Work request: As the answer, give exactly the lines of the records below from the one with "Bandera de Bielorrusia" through the one with "K. Gibran, Le", ends included and pictures left out.

Material to process:
Content starts
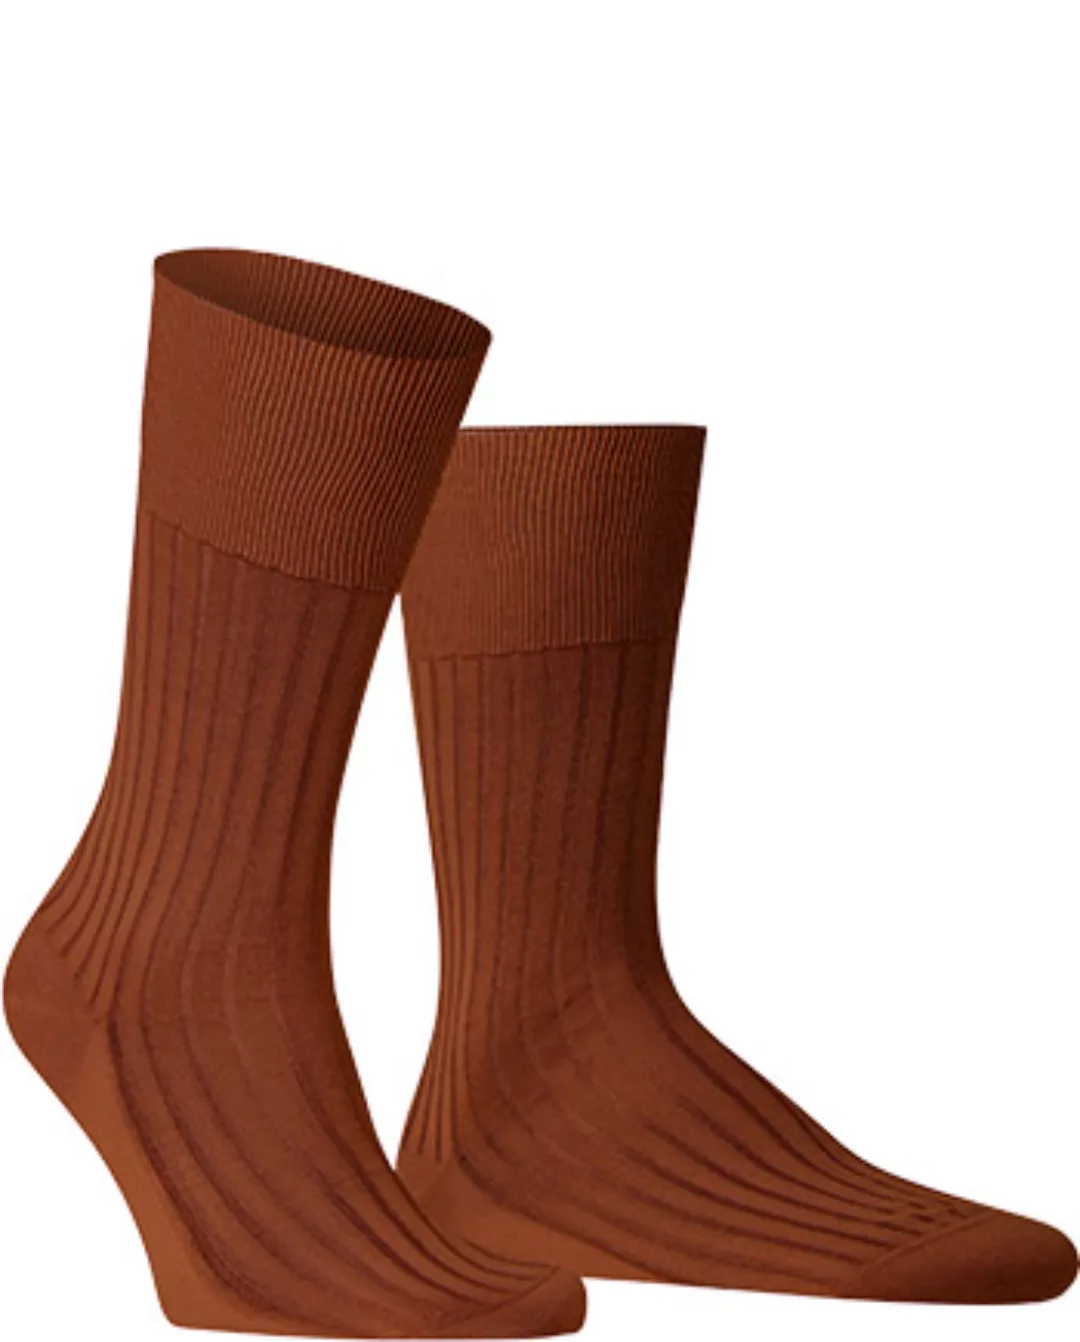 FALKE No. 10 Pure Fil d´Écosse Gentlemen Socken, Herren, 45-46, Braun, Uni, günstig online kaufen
Content ends
Content starts
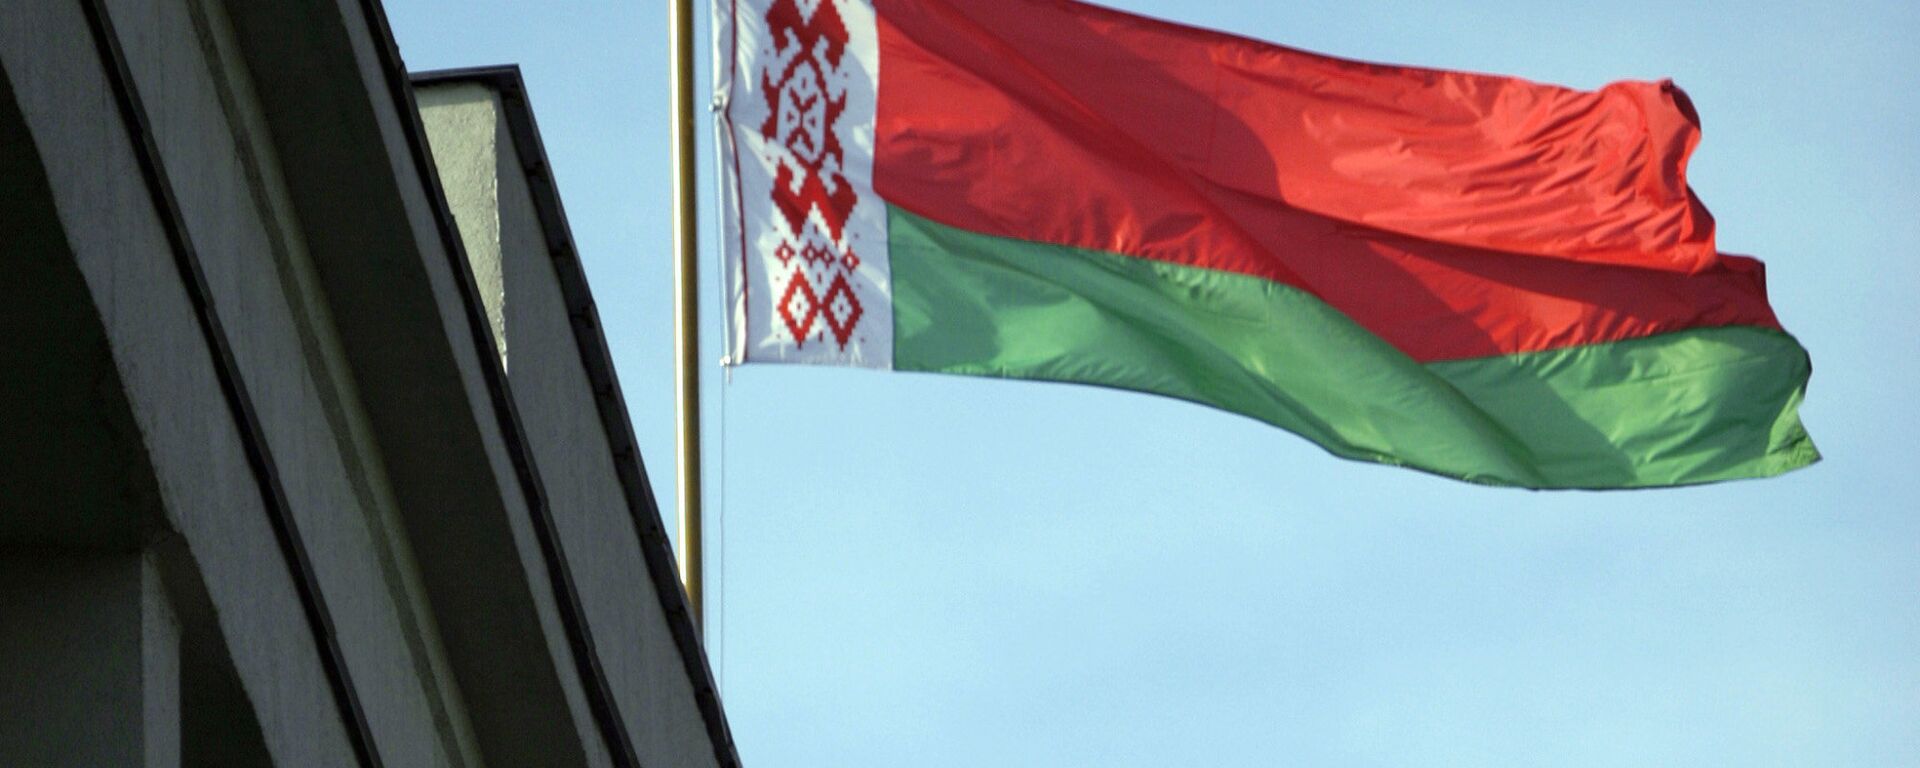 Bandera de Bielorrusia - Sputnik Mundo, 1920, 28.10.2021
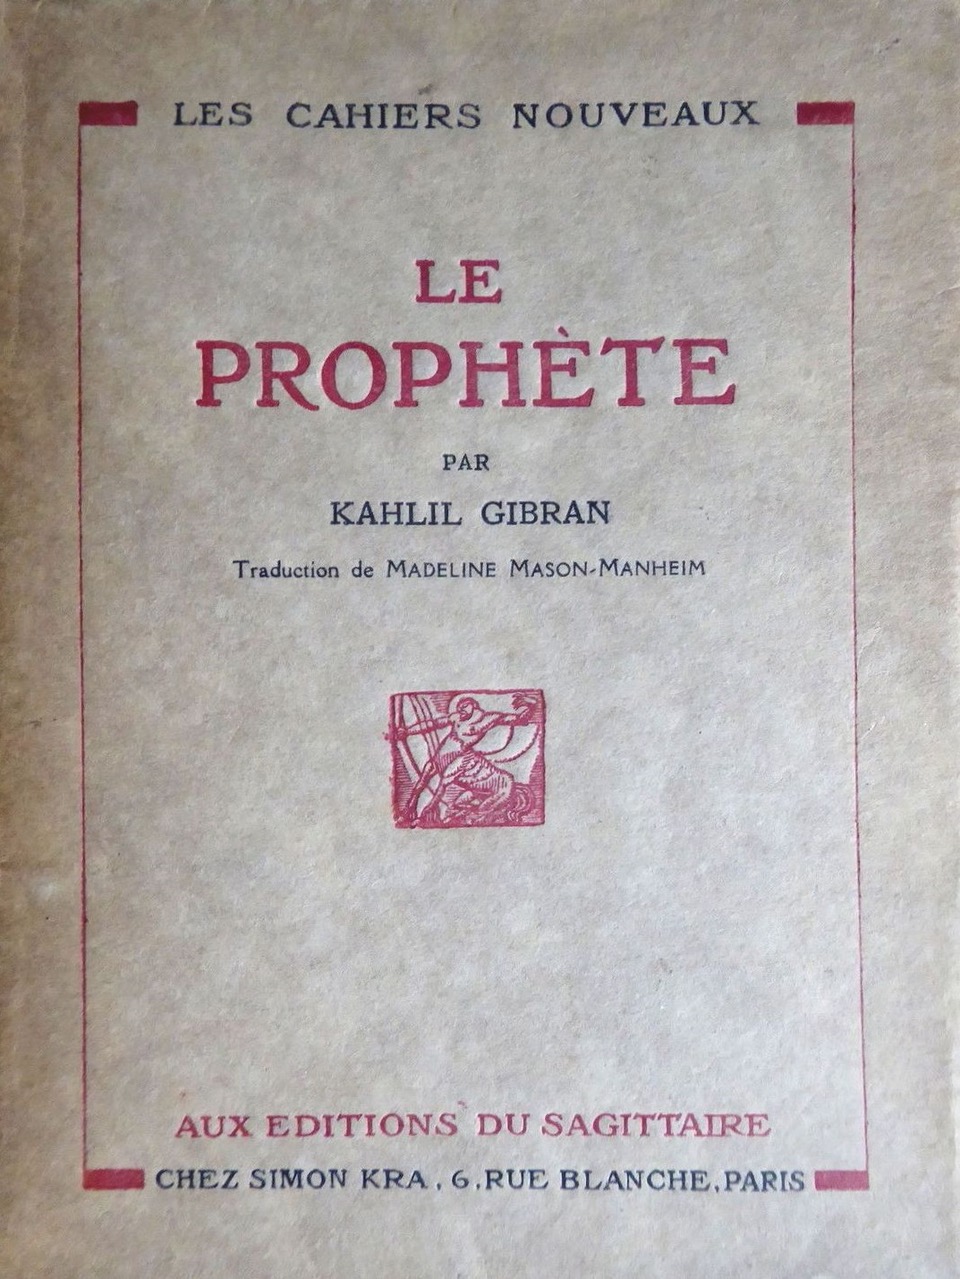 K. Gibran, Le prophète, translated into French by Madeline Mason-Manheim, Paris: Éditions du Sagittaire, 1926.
Content ends
Task result:
 Bandera de Bielorrusia - Sputnik Mundo, 1920, 28.10.2021
 K. Gibran, Le prophète, translated into French by Madeline Mason-Manheim, Paris: Éditions du Sagittaire, 1926.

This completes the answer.